The eccentric drive mechanism (D'; D") according to claim 1, characterized in that the length of said in the longitudinal direction adjustable device (20'; 20") is adjusted so that an angle (α) formed between a vertical line through a first bearing axis of the driven wheel (9'; 9") and a line drawn through both said first bearing axis of the driven wheel (9'; 9") and a second bearing axis of said second end (6b'; 6b") of the in the longitudinal direction adjustable device (20'; 20") is between 0 to 30°, preferably between 5 to 25°, and more preferably between 10 to 20°, and most preferably is about 15°, when the clamping beam (1'; 1") has obtained its optimal clamping force.
The eccentric drive mechanism (D'; D") according to claim 1 or 2, characterized in that the height of the upper clamping tool (3'; 3") and/or the lower clamping tool (5'; 5") is changeable.
The eccentric drive mechanism (D'; D") according to one of claims 1 to 3, characterized in that the in the longitudinal direction adjustable device (20'; 20") is continuously variably adjustable.
The eccentric drive mechanism (D") according to any one of claims 1 to 4, characterized in that said in the longitudinal direction adjustable device (20") comprises a pivotable arm (12") , a first end (12"a) of which is pivotably connected to a first end (6a") of a pull down rod (6") and a second end (12"b) of which is pivotably connected to an active end (18") of a spindle gear means (16"), a passive end (16a") of which being connected to the clamping beam (1"), and that a second (6b") end of said pull down rod (6") is pivotably and eccentrically connected to the driven wheel (9").
The eccentric drive mechanism (D") according to claim 5, characterized in that the arm (12") is pivotably arranged around a shaft (14a") so as to form a transmission ratio between the first end (6a") and the second end (6b") of the pull down rod (6") of 1:1 to 1:10, preferably 1:1 to 1:5, and more preferably 1:1 to 1:3, and most preferably 1:2.4.
The eccentric drive mechanism (D") according to claim 5 or 6, characterized in that at a joint (19") pivotally connecting the second end (12b") of the arm (12") to the active end (18") of the spindle gear means (16") a pressure sensor and/or angle sensor is provided.
The eccentric drive mechanism (D") according to claim 7, characterized in that said pressure sensor and/or angle sensor enables measuring the force exerted by the second end (12b") of the arm (12") on the active end 18" of the spindle gear means 16" and/or the angle between said the second end (12b") and said active end (18") and sending a signal to a control device when the required force and/or angle is obtained so as to stop the movement of the clamping beam (1").

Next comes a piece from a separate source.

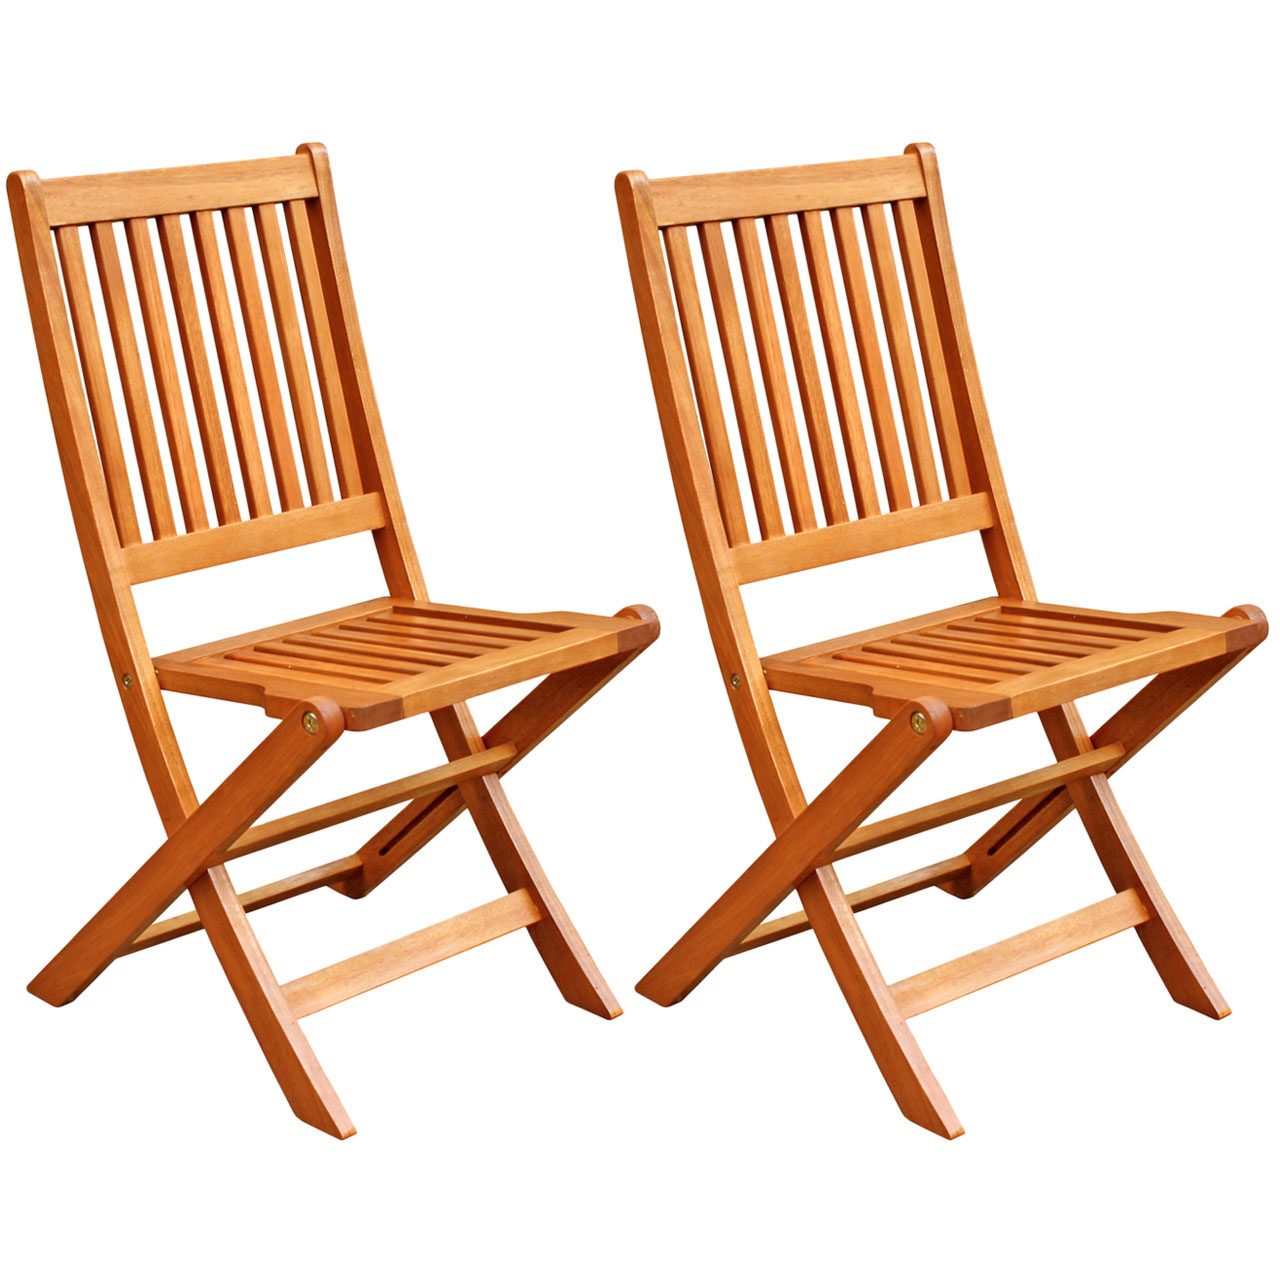 Hardwood folding chairs 1

The eccentric drive mechanism (D") according to any one of claims 4 to 8, characterized in that said eccentric drive mechanism (D") is arranged at both sides of a folding machine.
The eccentric drive mechanism (D'; D") according to any one of claims 1 to 9, characterized in that eccentric drive mechanism (D'; D") is intended for a folding machine for folding sheet material.